Simon Rattle rehearses “Le Sacre du Printemps”
Simon Rattle has conducted Stravinsky’s archaic and powerful ballet music Le Sacre du printemps with the Berliner Philharmoniker on several occasions. One highlight of these performances was an education project in 2003 in which over 250 young people performed a dance version, and which was documented in the internationally acclaimed film Rhythm Is It!. This recording shows the final orchestral rehearsal, with the young dancers in the auditorium.
Sir Simon Rattle once described Stravinsky’s Le Sacre du printemps as “prehistoric jazz”. The archaic and the modern do indeed come together in this composition, written as a ballet score, but long established in the concert hall as symphonic music.
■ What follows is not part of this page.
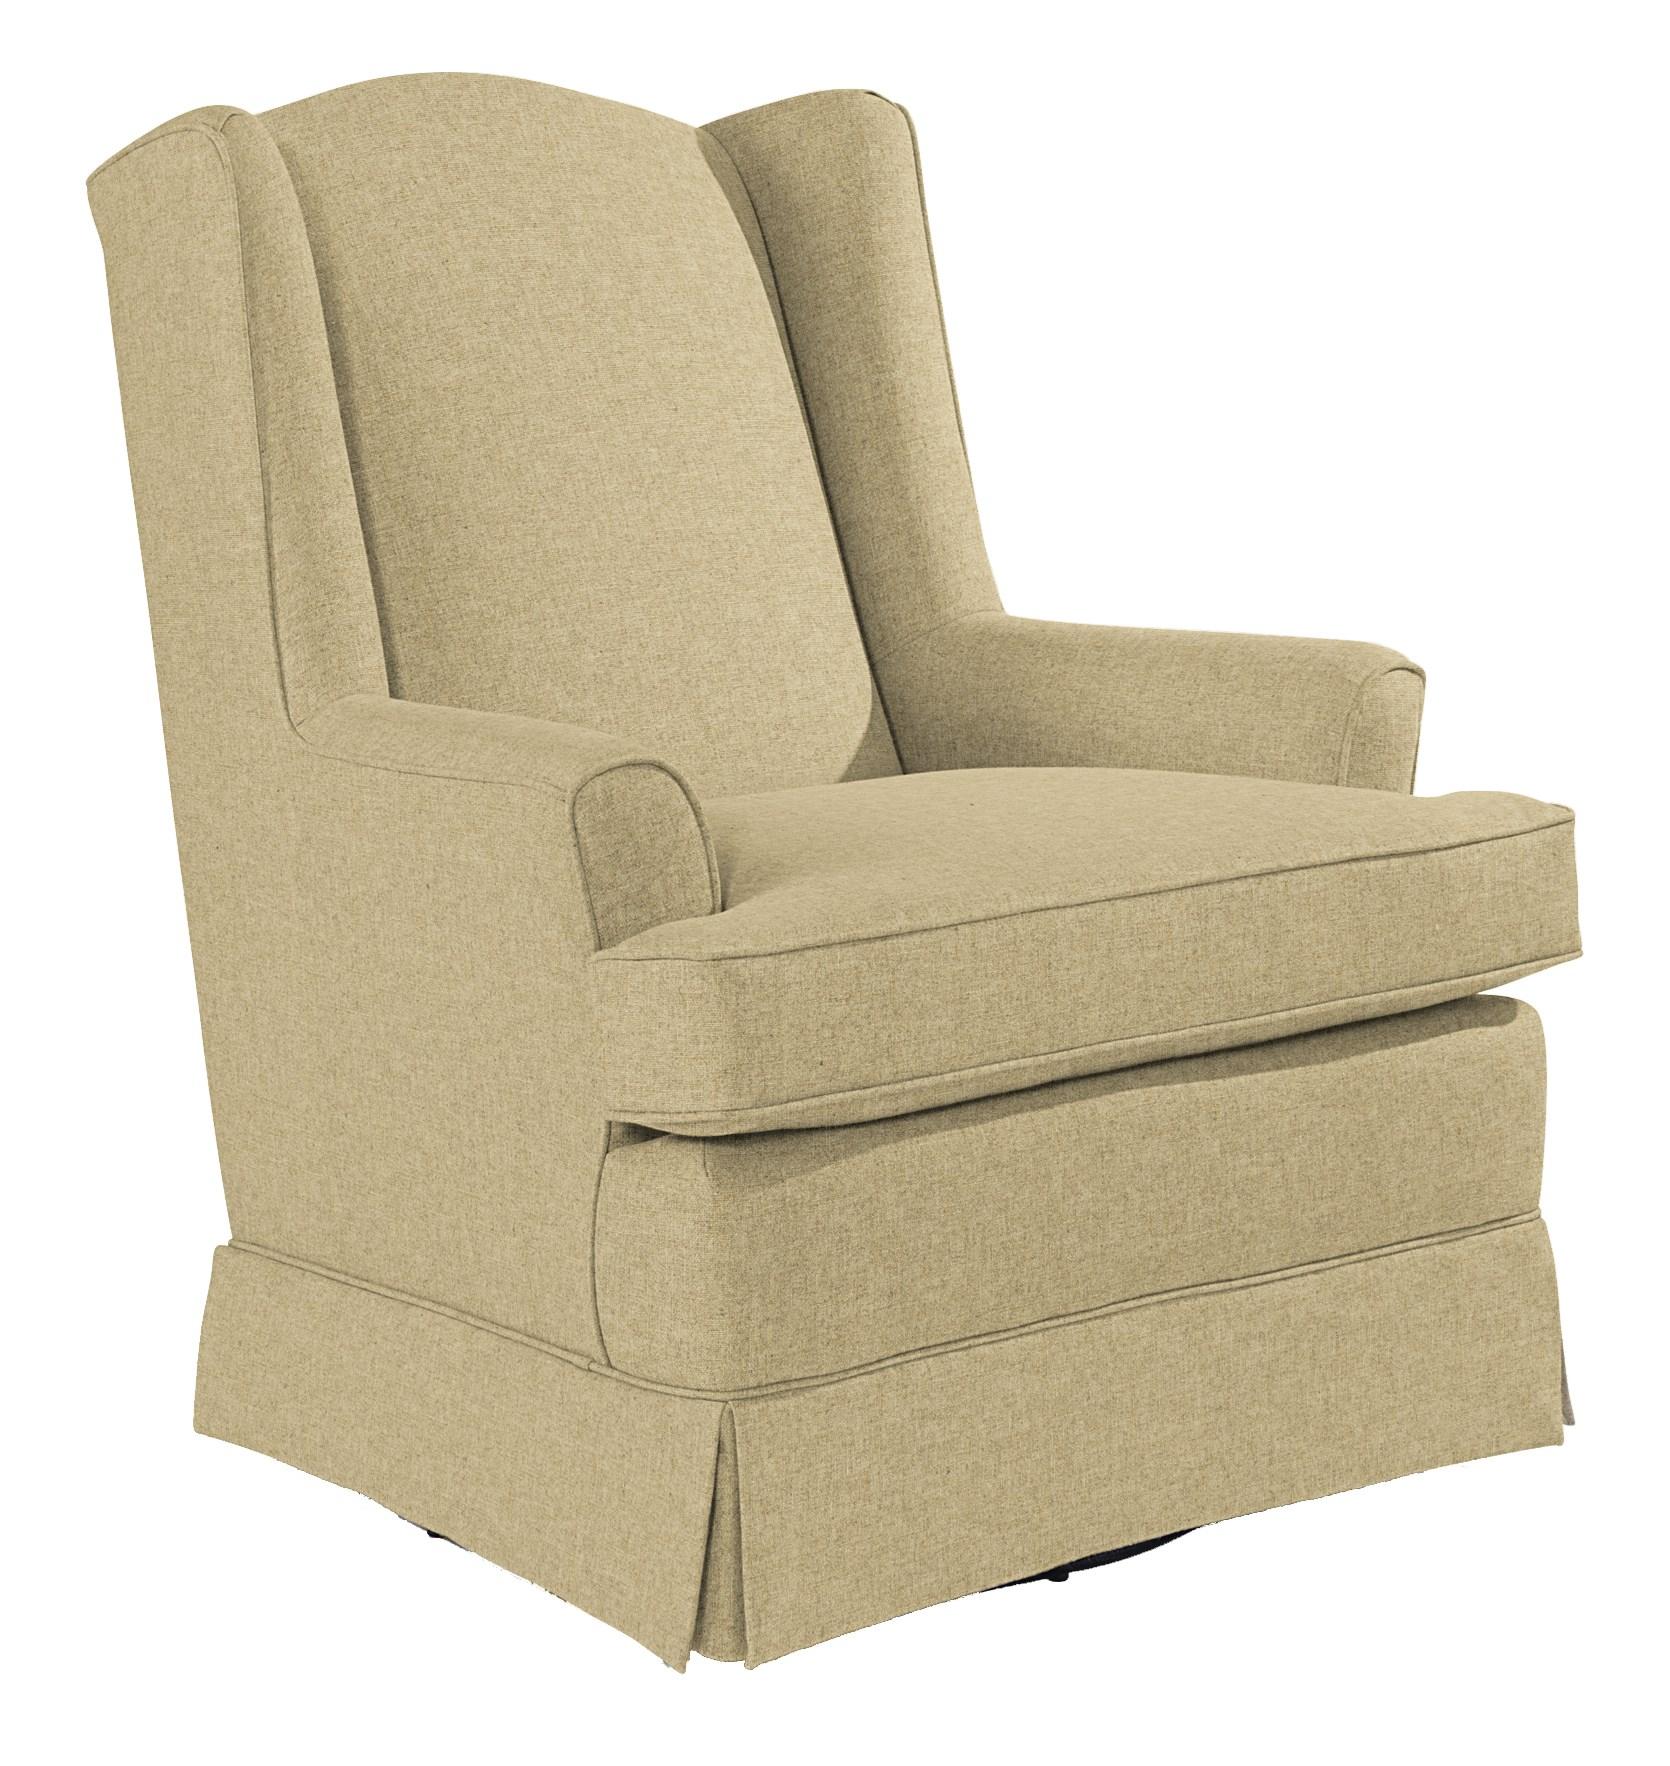 Studio 47 Swivel Glide ChairsNatasha Swivel Glider
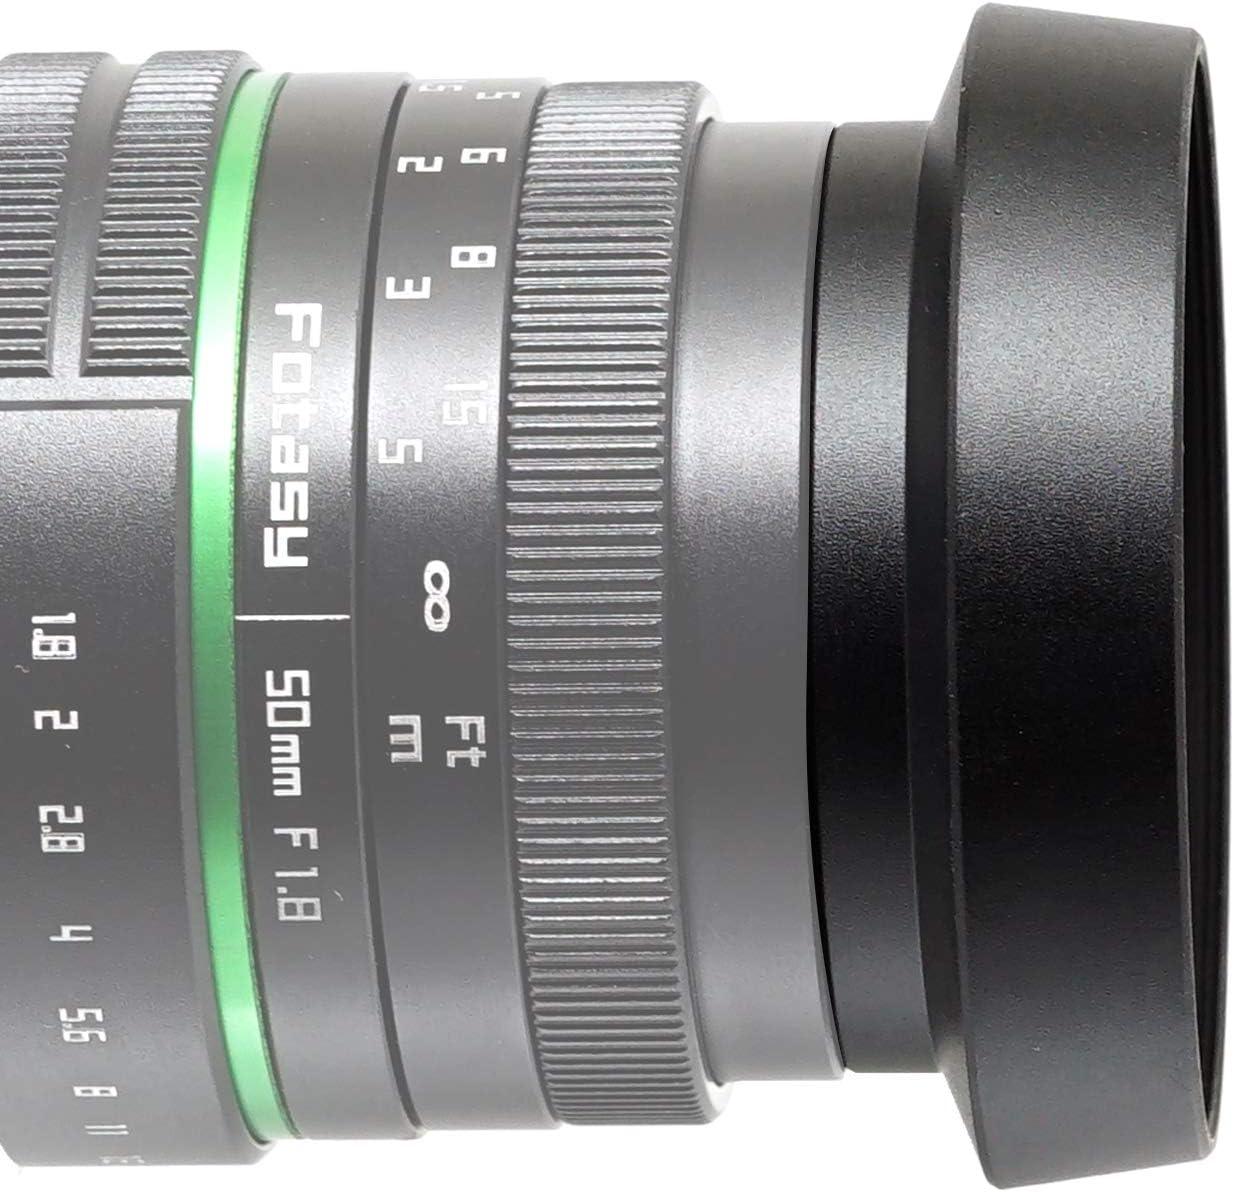 46mm Curved Lens Hood Panasonic 20mm f1.7 Lens Hood Fotasy Metal Screw-In Lens Hood for Panasonic Lumix 14mm F2.5 //Panasonic 20mm f1.7 Lens// Leica DG 25mm F1.4 Lens// Olympus M.Zuiko 17mm f1.8 Lens

The action of the ballet takes place in “prehistoric” times: various tribes gather to select a sacrifice for the upcoming spring. In the end, a young girl dances herself ecstatically to death.
The elemental power – even violence – of the subject is clear in Stravinsky’s music in moments in which the entire orchestra seems to transform itself into a single rhythm machine. There are also subtle uses of Russian folk tunes which bear no resemblance to cosy folklore. Polytonal and polyrhythmic passages in which different harmonic or time structures are layered on top of each other are particularly trendsetting. The Sacre is a unique document of early musical modernism mainly because it freed rhythm from the corset of regular measures with a symmetrical beat. Its shocking modernity remains to this day.